(A note by Martin Porter.)
The Schinke Latin stemming algorithm is described in,
Schinke R, Greengrass M, Robertson AM and Willett P (1996) A stemming algorithm for Latin text databases. Journal of Documentation, 52: 172-187.
It has the feature that it stems each word to two forms, noun and verb.

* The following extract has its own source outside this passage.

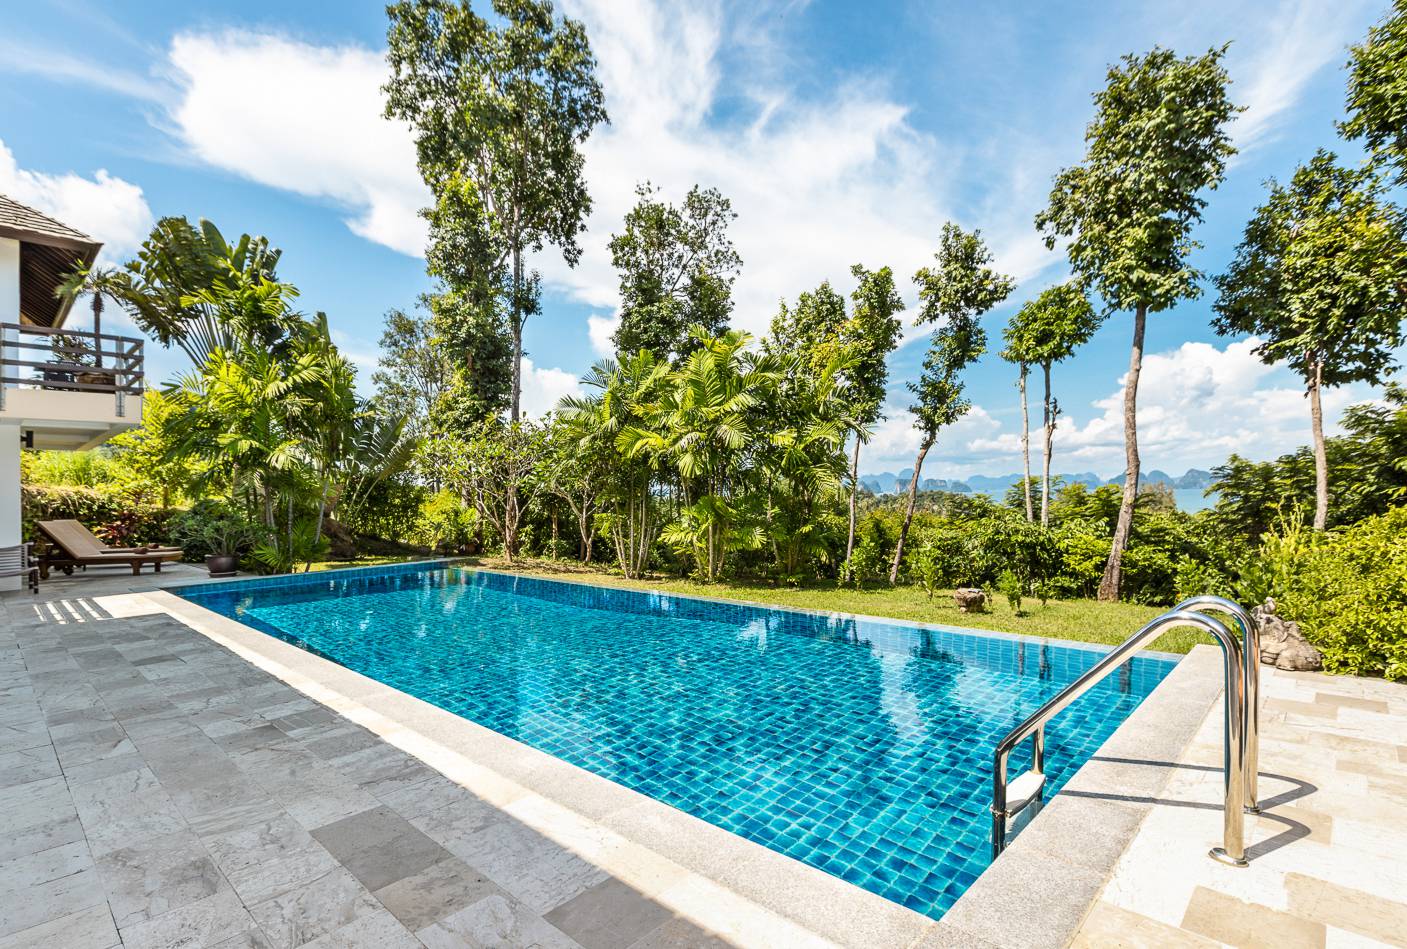 villa cortez private pool and terrace weich

For example,
NOUN VERB ---- ---- aquila aquil aquila portat portat porta portis port por
Here (slightly reformatted) are the rules of the stemmer,
1. (start) 2. Convert all occurrences of the letters 'j' or 'v' to 'i' or 'u', respectively. 3. If the word ends in '-que' then if the word is on the list shown in Figure 4, then write the original word to both the noun-based and verb-based stem dictionaries and go to 8. else remove '-que' [Figure 4 was atque quoque neque itaque absque apsque abusque adaeque adusque denique deque susque oblique peraeque plenisque quandoque quisque quaeque cuiusque cuique quemque quamque quaque quique quorumque quarumque quibusque quosque quasque quotusquisque quousque ubique undique usque uterque utique utroque utribique torque coque concoque contorque detorque decoque excoque extorque obtorque optorque retorque recoque attorque incoque intorque praetorque] 4. Match the end of the word against the suffix list show in Figure 6(a), removing the longest matching suffix, (if any). [Figure 6(a) was -ibus -ius -ae -am -as -em -es -ia -is -nt -os -ud -um -us -a -e -i -o -u] 5. If the resulting stem contains at least two characters then write this stem to the noun-based stem dictionary. 6. Match the end of the word against the suffix list show in Figure 6(b), identifying the longest matching suffix, (if any). [Figure 6(b) was -iuntur-beris -erunt -untur -iunt -mini -ntur -stis -bor -ero -mur -mus -ris -sti -tis -tur -unt -bo -ns -nt -ri -m -r -s -t] If any of the following suffixes are found then convert them as shown: '-iuntur', '-erunt', '-untur', '-iunt', and '-unt', to '-i'; '-beris', '-bor', and '-bo' to '-bi'; '-ero' to '-eri' else remove the suffix in the normal way. 7. If the resulting stem contains at least two characters then write this stem to the verb-based stem dictionary. 8. (end)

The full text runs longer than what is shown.